Только не надо ханжества. Наверное, у всех народов есть в фольклоре скабрезные включения, сдабривающие смеховую культуру в гуляньях, кар­навалах, забавах, да и в быте. Они соприкасаются с высокой культурой, проникают в нее — что естественно. Как и наоборот. Вопрос: почему у нас сейчас преобладает движение лексики именно снизу вверх, а не обратно? Неужели таков наш выбор?

...К подъезду весьма престижного вуза с высокой платой за обучение подъехала студентка. Выходя из машины, она звонким девичьим голосом очень красивого тембра окликнула кого-то из друзей и быстро-весело пере­шла на жесткую матерщину. Один из преподавателей мрачно резонирует: «Что поделаешь, ведь родители кого-то из наших студентов еще недавно были бандитами. С виду посолиднели, а по культуре — те же...»

Происходит именно замещение, вытеснение русского языка скверносло­вием, когда русские существительные и глаголы, прилагательные, наречия подменяются бранными, как раковыми клетками — здоровые.

У нас непомерно много — и становится все больше — людей, кто без мата говорить не умеет или очень затрудняется. Они матозависимы! Таким образом общаются теперь со своими детьми отцы, матери, бабушки. Совсем трезвые. На селе — особенно. Там выросло поколение, которое даже не зна­ет, что это — скверная речь. Явно сложился изврат-диалект, который от периферии быстро движется к центру и уже занимает его.

Да, первая причина в том, что у нас необычайно большая масса народа прошла через тюрьмы и лагеря. В процентном отношении больше, чем в других странах. А за преступления против личности — особенно много. При­том, что многие преступления против личности по факту таковыми не счи­таются и до суда не доходят. Злая тюремная лексика полностью покрыла армию (вместе с тюремными нравами, кстати), крестьянство, рабочие по­селки. Долго держалась интеллигенция. Теперь сдалась. Покоряются ей женщины... Уже и в академических кругах... А политики? Они словно вчера вышли из заключения.



Вторая причина — потеря наследственной аристократии в начале XX ве­ка (от эмиграции, расстрелов, запретов). Общество обеднело социально. Национальная аристократия везде задавала некоторые образцы благород­ства общения. Не всегда искренне, но следуя некоей миссии возвышения — себя, рода своего, страны. Остальные по-разному подражали, перенимая слова и обороты, манеры и проч. То удачно, то нелепо. Но аристократия бы­ла ориентиром.

Глава 10 ПОВРЕЖДЕНИЕ РЕЧИ 183

Русский офицер, профессор, чиновник, врач, учитель — каждый из них считал черное слово уделом низов, необразованных, примитивных людей. Мастеровой, извозчик, крестьянин, купец — что с них взять?

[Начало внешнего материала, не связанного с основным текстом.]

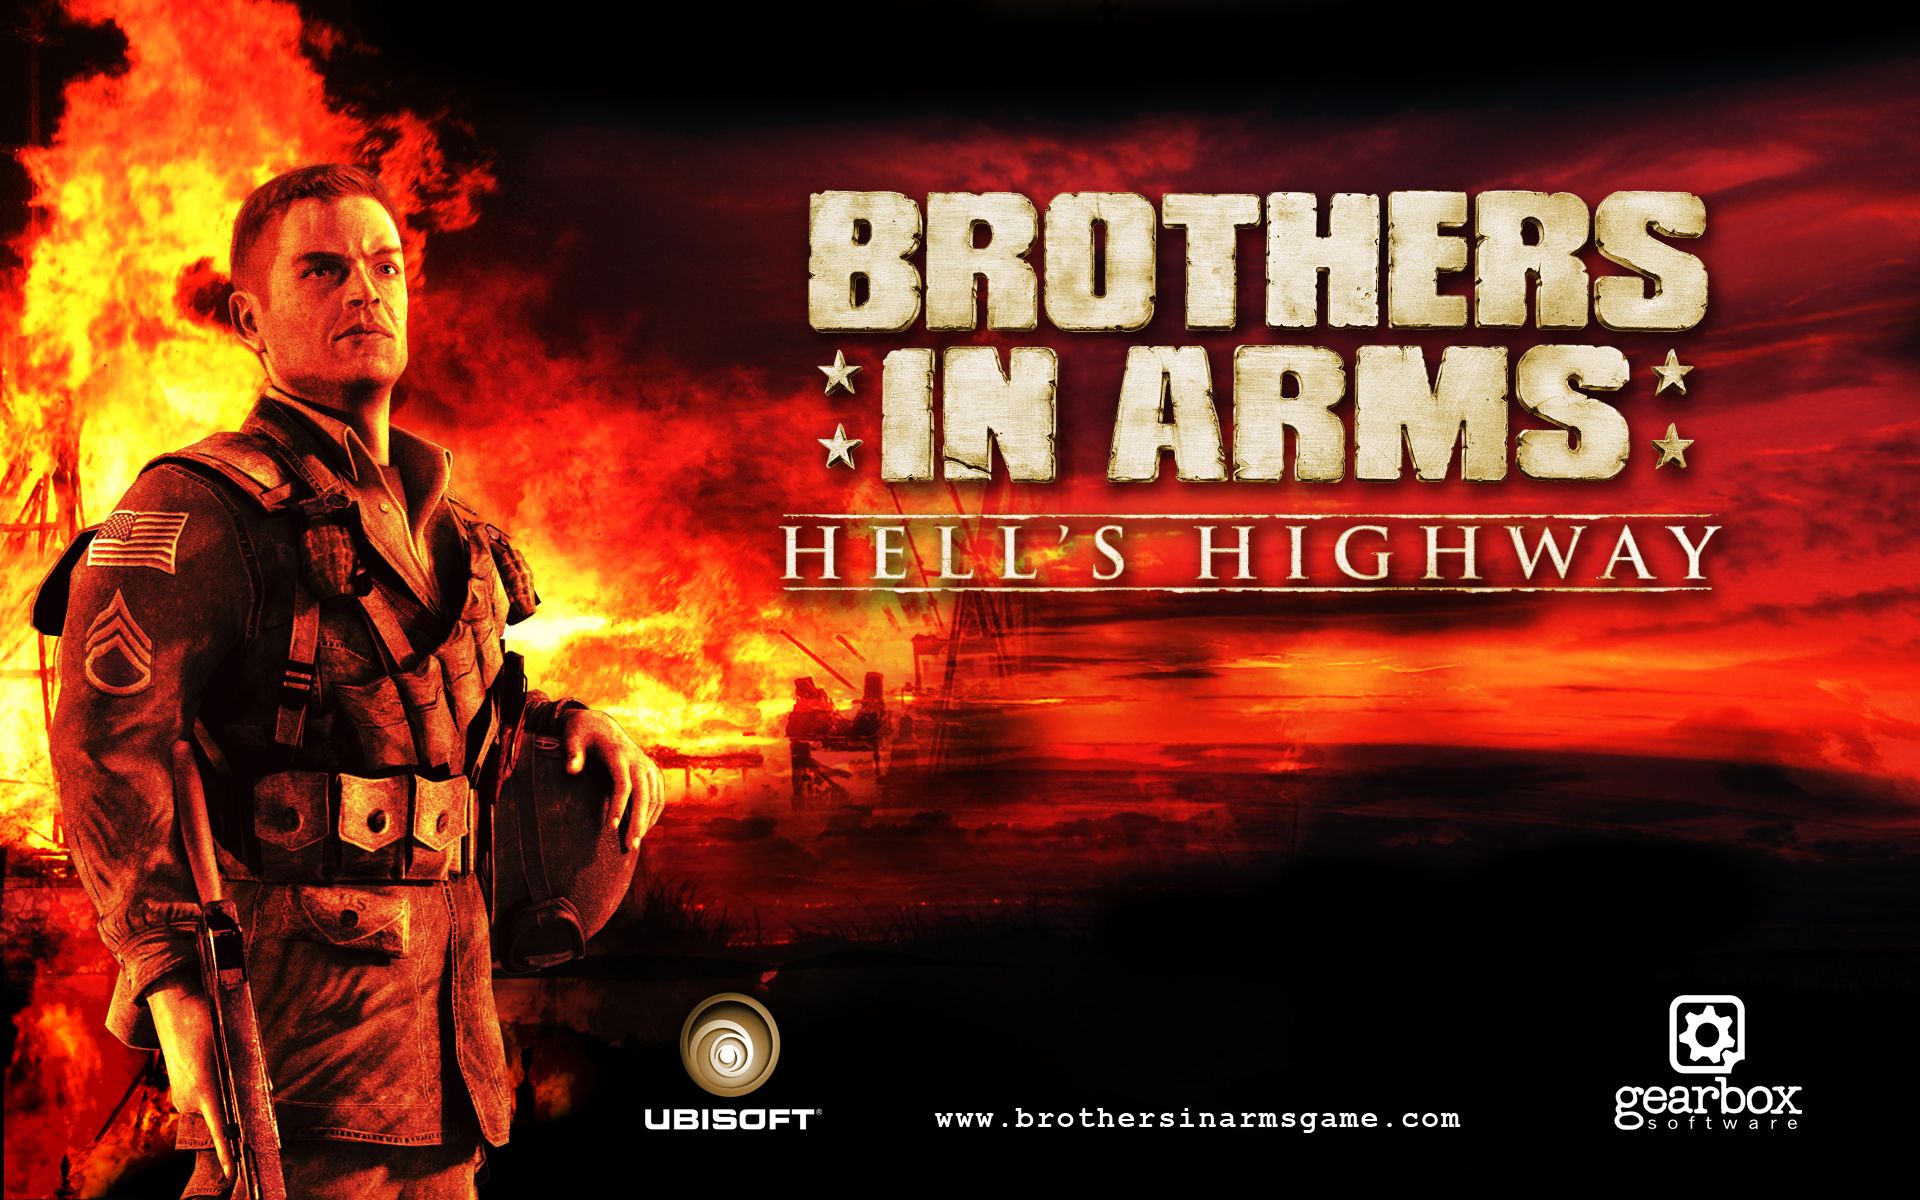 Wallpaper from Brothers in Arms: Hell's Highway

На места первых поднялись вторые, занеся туда и низкую речь. Тогда об этом говорили: «Невежество!» Теперь говорят: «Образованщина!» В общем — нет породы. Кого у нас принято называть «вшивой интеллигенцией»?

Конечно, аристократия наследственная и аристократия духовная не всегда совпадают по своим социальным ролям. Но А. Платонов, Д. Лихачев, А. Саха­ров, С. Аверинцев, к примеру, ушли, а живущие, видимо, терпят все это.



Причина третья: при советском сверхконтроле была такая форма про­теста, как сквернословие. Ведь советские собственники власти — сами так и не ушедшие от невежества и не отмывшиеся от хамояза — пытались демонст­рировать стерильность своей речи, цензурировали любые тексты. И тогда непристойности в подпольных сочинениях выглядели как вызов их притвор­ству, как непокорность слова. Не всегда она сочеталась с силой мысли. А нер-ция сложилась, эта лексика уже вошла в «передовую» литературу, стала знаком нового авангарда. Те условия исчезли, следствие осталось.

Причина четвертая, главная: народ опускается. Сквернословие нараста­ет, достигнув действительно тотального охвата. Тенденция разложения и дезорганизации русского языка, — наверное, самая наглядная и острая фор­ма духовно-психологического кризиса в нашем Отечестве. Грязные подъезды, грязные улицы, грязные туалеты, грязная речь. Оскорбительные законы, оскорбительное правление, оскорбительные зарплаты, оскорбительные вы­ражения. Плохая работа, плохие дороги, плохие трубы, плохие слова. Все это из общего ряда.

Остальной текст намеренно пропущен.